◆ Problem: Could you copy every record below exactly, leaving out the pictures?
** Opening Material for this exercise block **
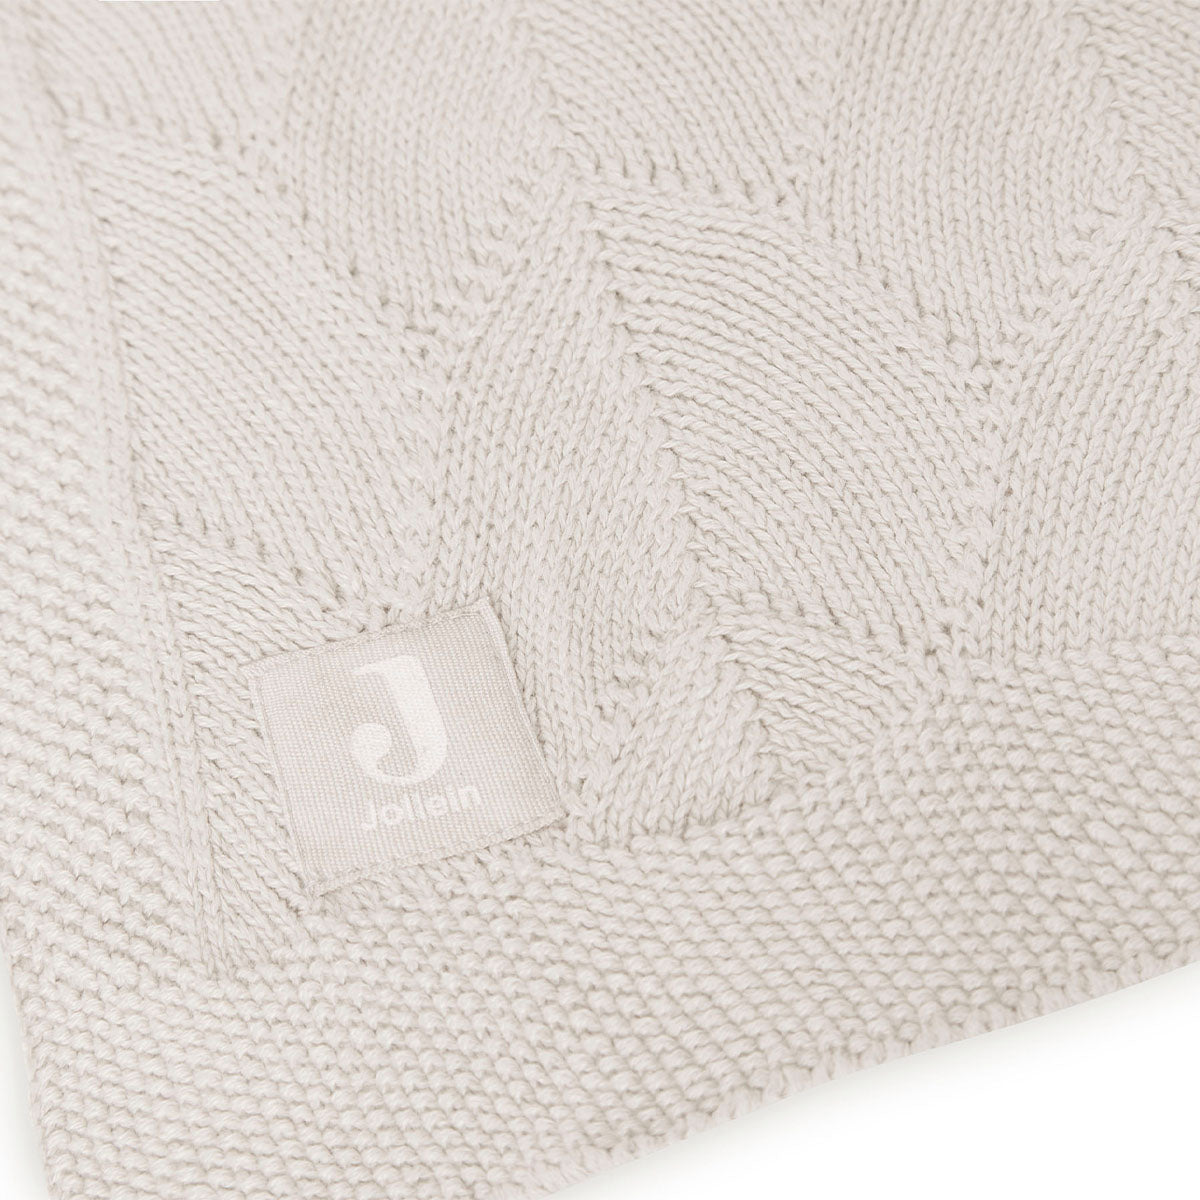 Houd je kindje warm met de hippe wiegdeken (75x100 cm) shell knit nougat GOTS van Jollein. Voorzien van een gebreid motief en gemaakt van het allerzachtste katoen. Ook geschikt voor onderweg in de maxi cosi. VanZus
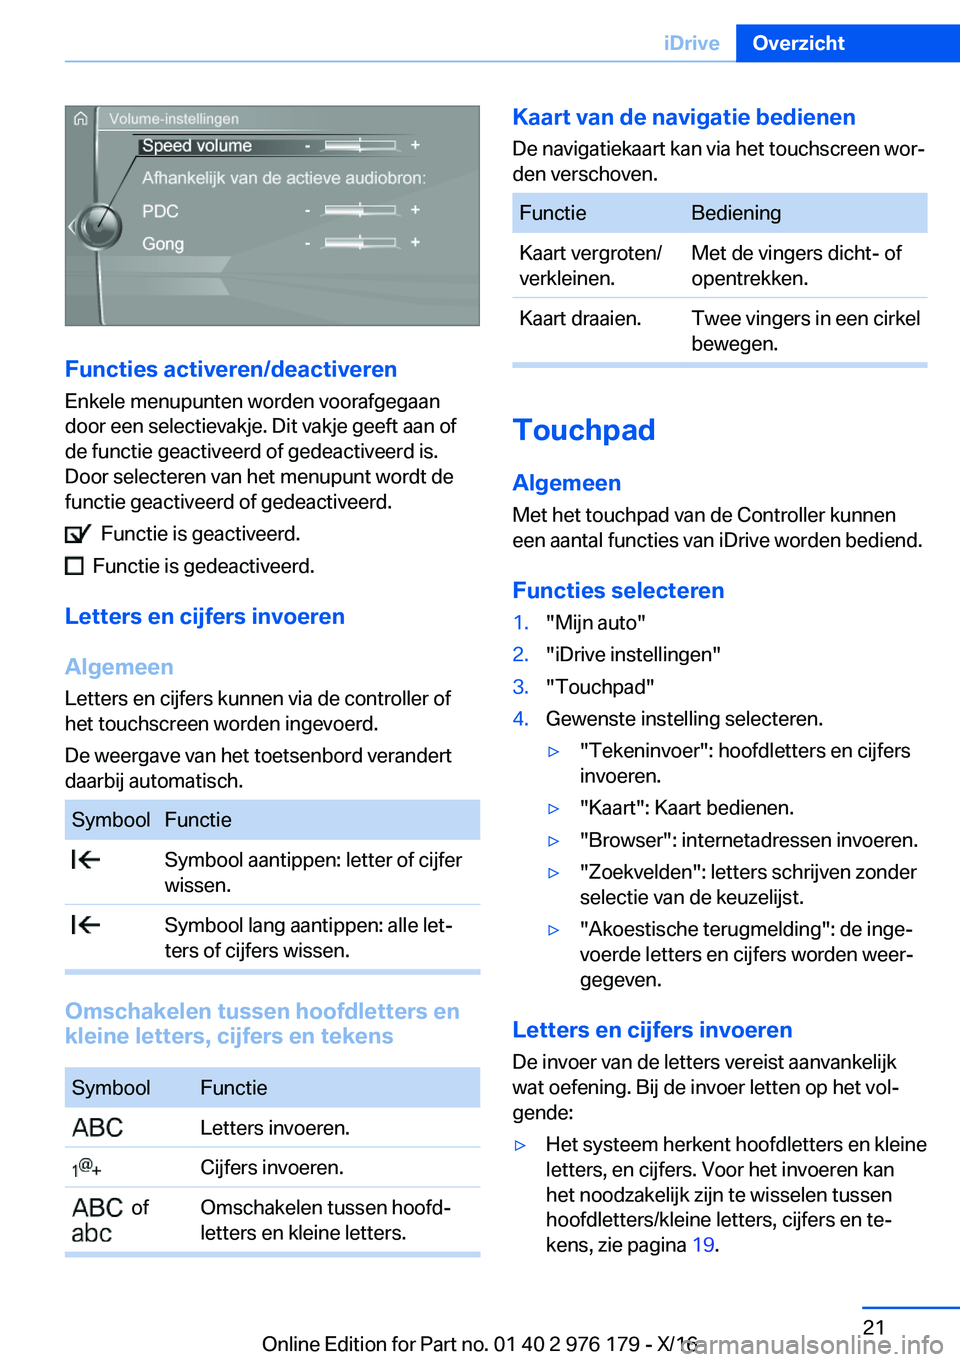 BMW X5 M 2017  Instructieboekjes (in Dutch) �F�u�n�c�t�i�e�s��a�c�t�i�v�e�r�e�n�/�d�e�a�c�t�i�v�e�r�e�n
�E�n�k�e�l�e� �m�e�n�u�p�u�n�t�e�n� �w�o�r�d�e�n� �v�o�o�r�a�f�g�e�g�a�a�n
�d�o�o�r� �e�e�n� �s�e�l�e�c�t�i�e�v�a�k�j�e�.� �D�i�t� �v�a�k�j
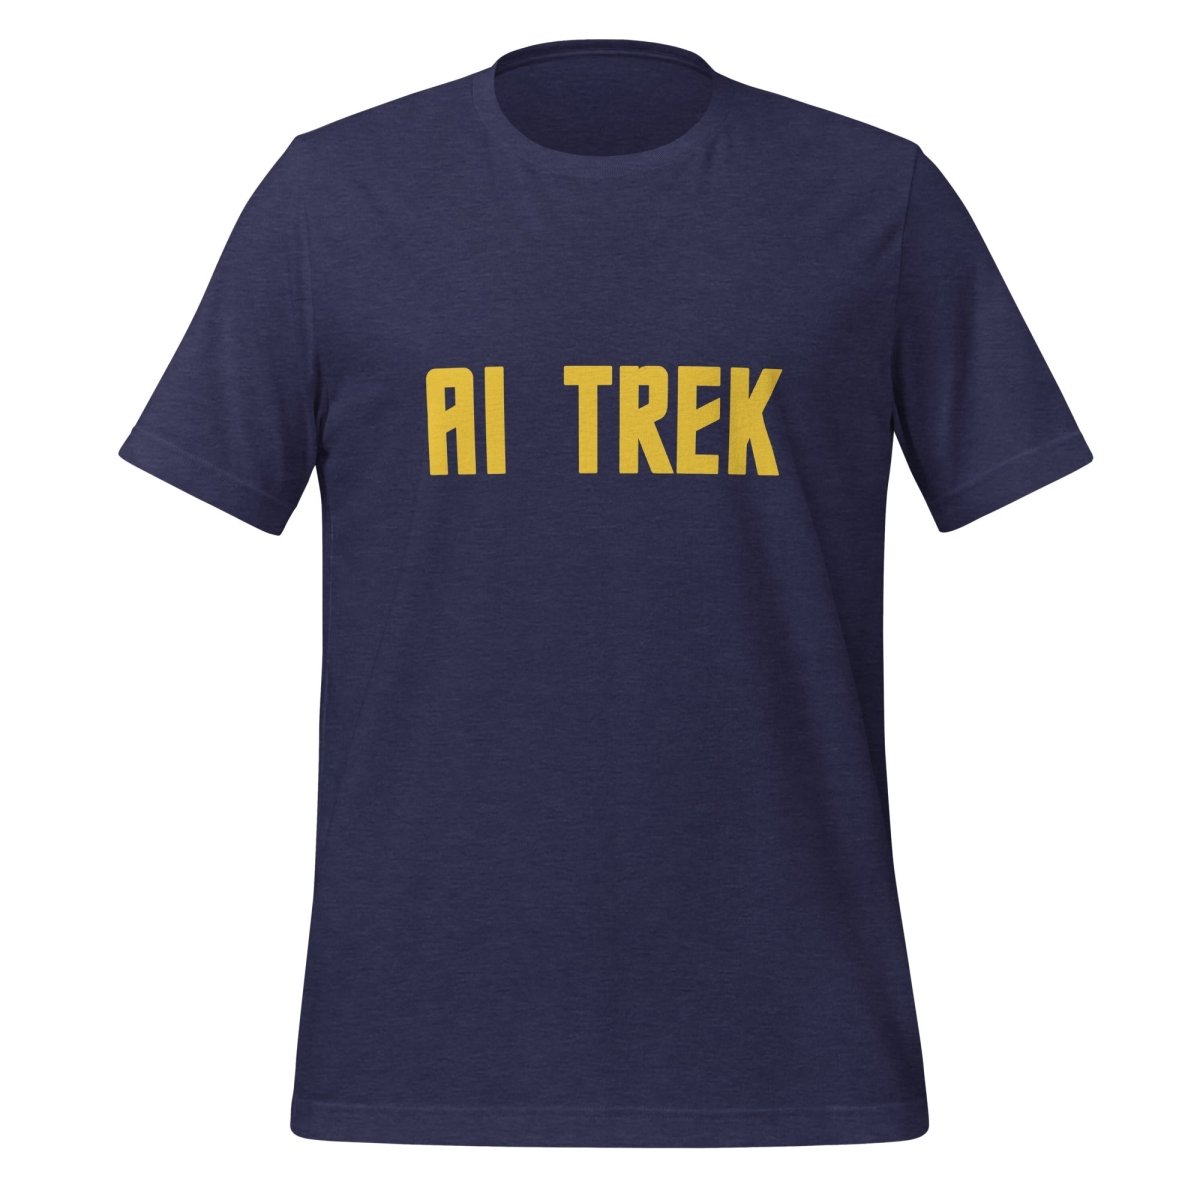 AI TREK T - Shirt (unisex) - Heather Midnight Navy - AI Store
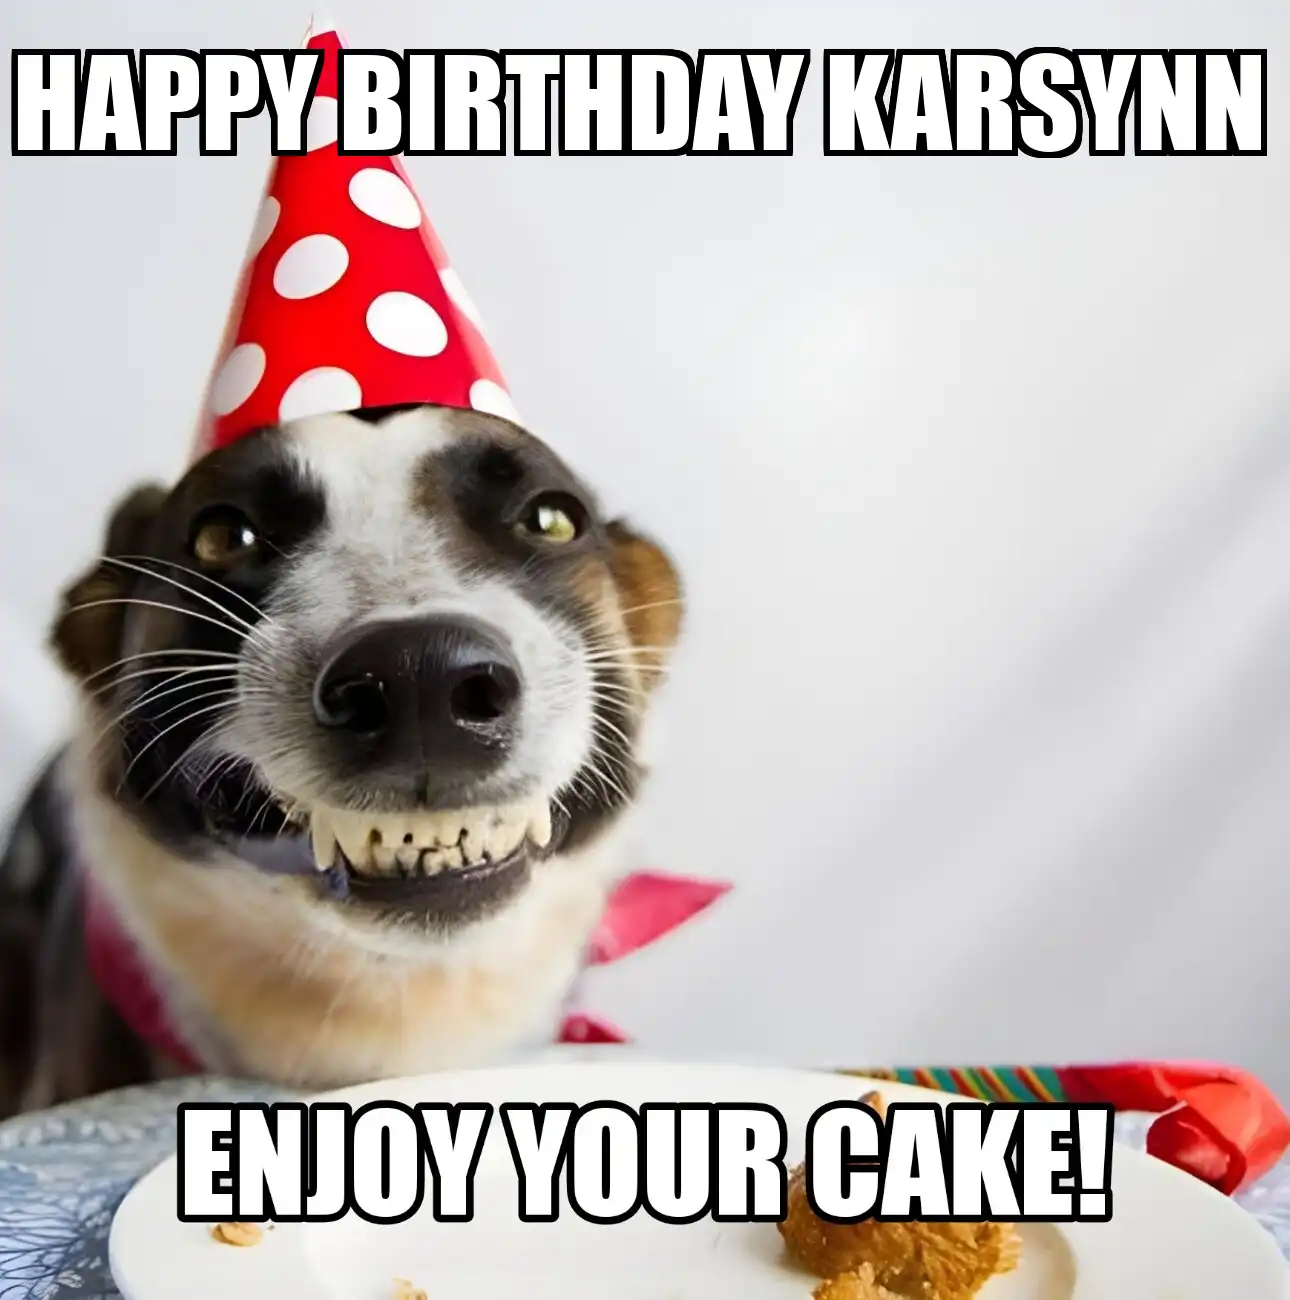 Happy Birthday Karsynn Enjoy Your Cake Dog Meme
** Closing Material for this exercise block **
◆ Answer section:
 Houd je kindje warm met de hippe wiegdeken (75x100 cm) shell knit nougat GOTS van Jollein. Voorzien van een gebreid motief en gemaakt van het allerzachtste katoen. Ook geschikt voor onderweg in de maxi cosi. VanZus
 BMW X5 M 2017  Instructieboekjes (in Dutch) �F�u�n�c�t�i�e�s��a�c�t�i�v�e�r�e�n�/�d�e�a�c�t�i�v�e�r�e�n
�E�n�k�e�l�e� �m�e�n�u�p�u�n�t�e�n� �w�o�r�d�e�n� �v�o�o�r�a�f�g�e�g�a�a�n
�d�o�o�r� �e�e�n� �s�e�l�e�c�t�i�e�v�a�k�j�e�.� �D�i�t� �v�a�k�j
 AI TREK T - Shirt (unisex) - Heather Midnight Navy - AI Store
 Happy Birthday Karsynn Enjoy Your Cake Dog Meme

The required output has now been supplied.